BEGIN

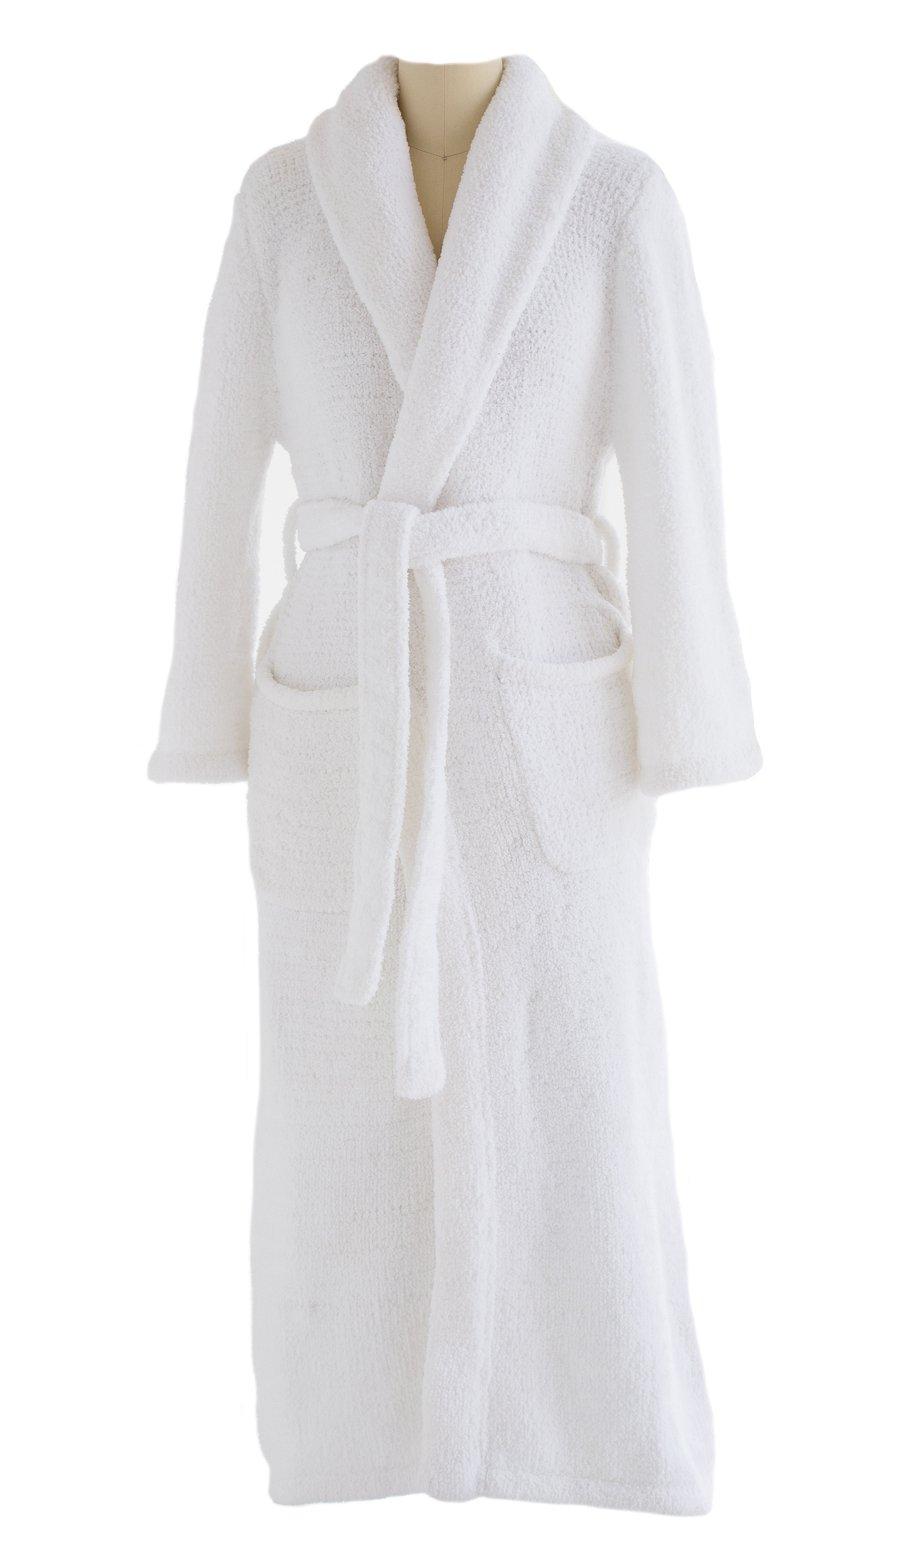 Plush Tresaro Chenille Bathrobe - Super-soft, Warm & Cozy Microfiber Robe Perfect for Women and Men - WHITE - Small/Medium
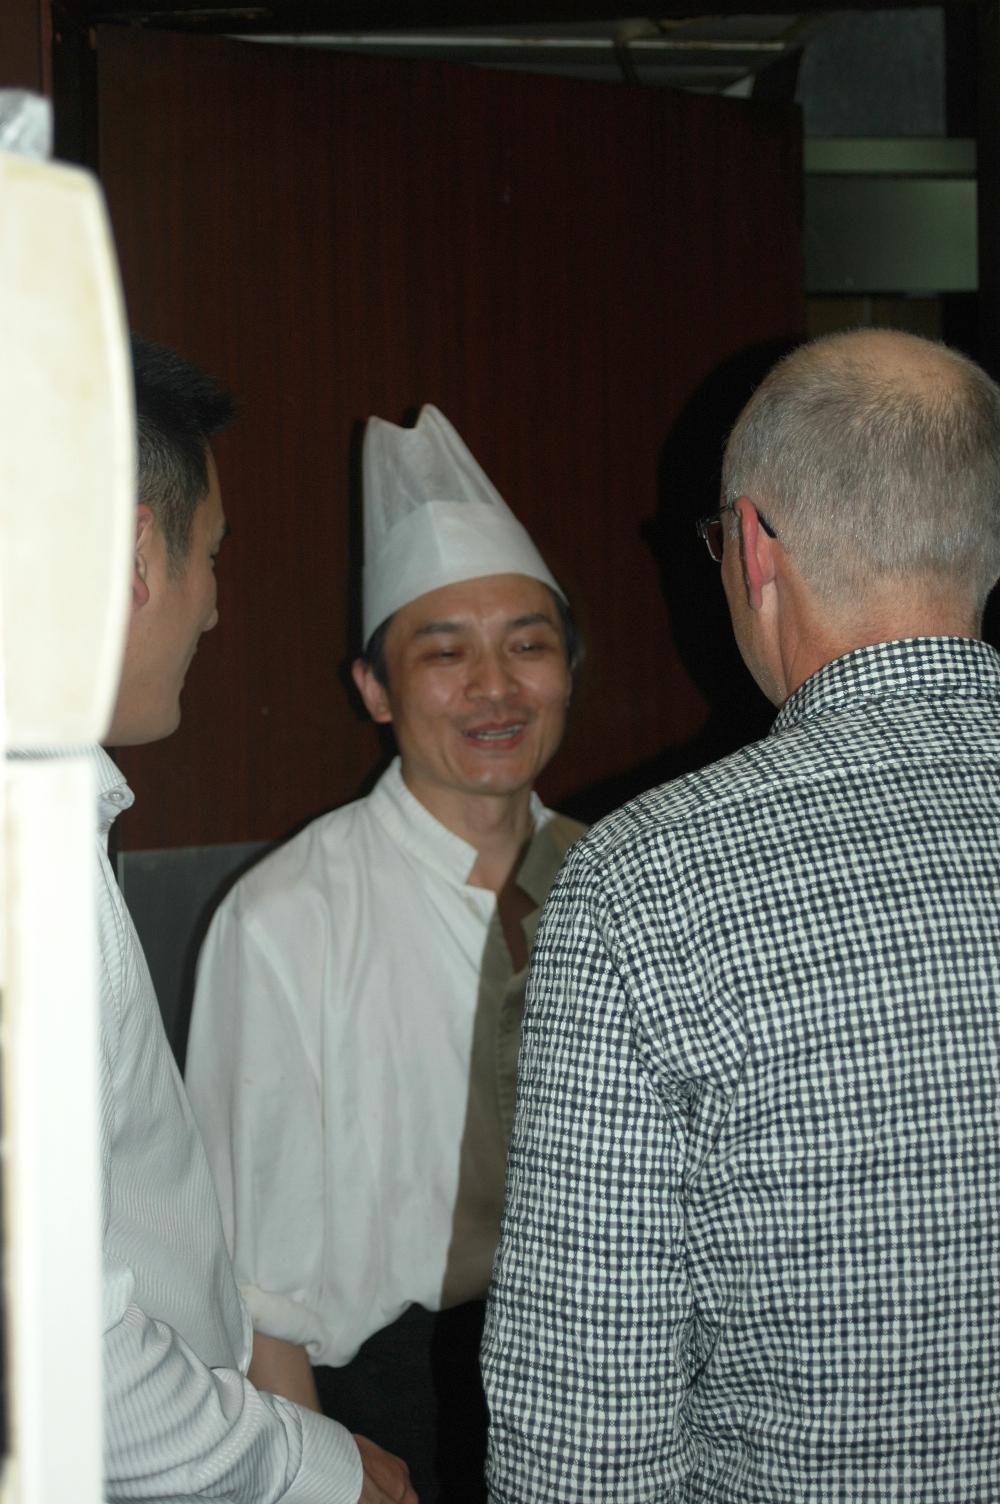 2012年10月20日: 上海外滩,访问团在上海姥姥家常菜 餐厅用膳, 市长感谢厨师工作。。
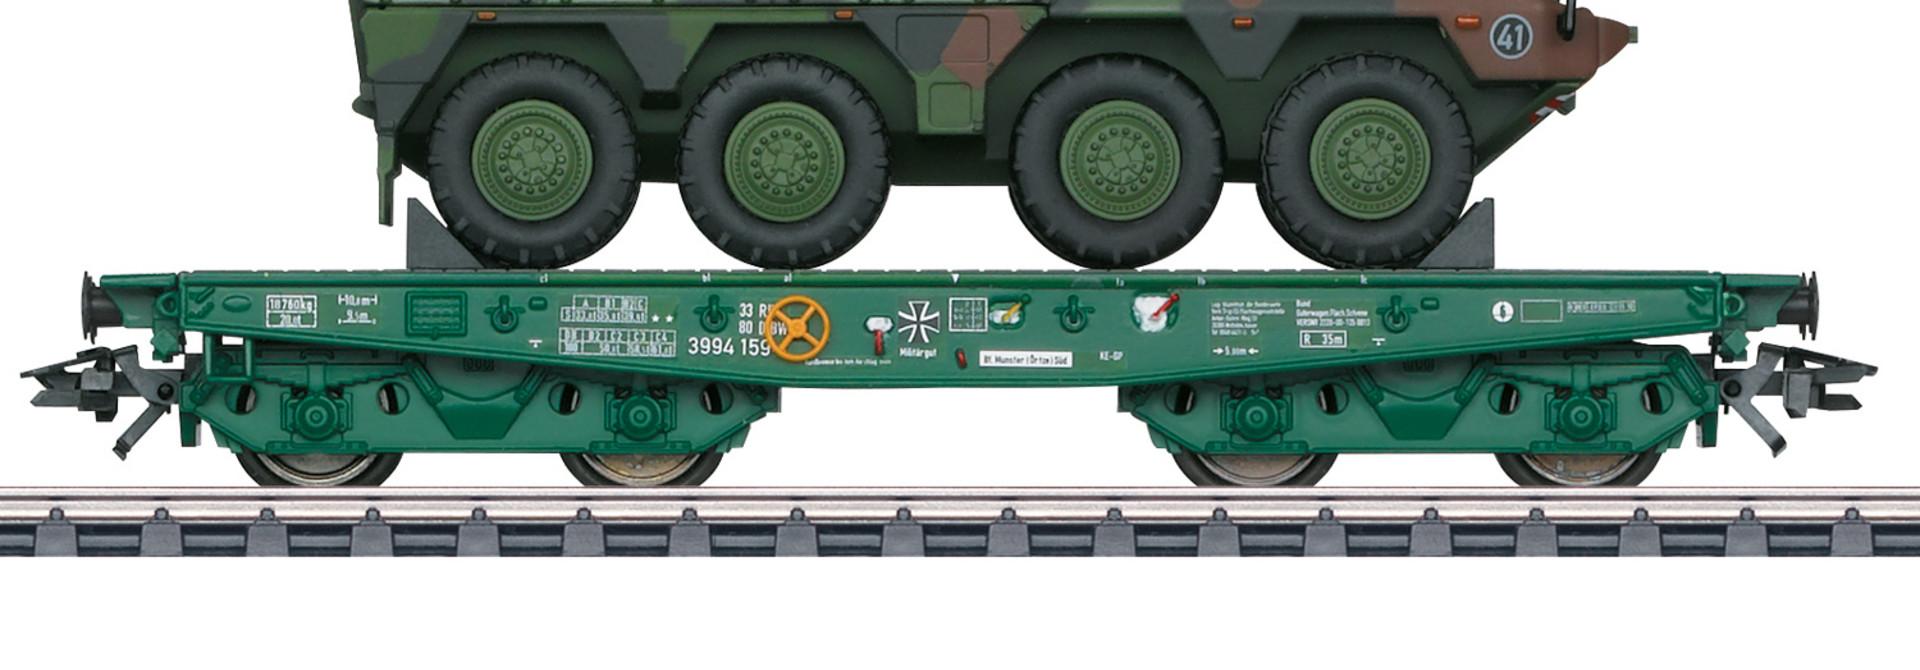 48790 zwaarlastwagen Rode Kruis Eurotrain exclusief

END

» **PROBLEM TO SOLVE**:
Exactly as given, transcribe every line of the data, but not its images.

» **RESULT FOR THIS TASK**:
 Plush Tresaro Chenille Bathrobe - Super-soft, Warm & Cozy Microfiber Robe Perfect for Women and Men - WHITE - Small/Medium
 2012年10月20日: 上海外滩,访问团在上海姥姥家常菜 餐厅用膳, 市长感谢厨师工作。。
 48790 zwaarlastwagen Rode Kruis Eurotrain exclusief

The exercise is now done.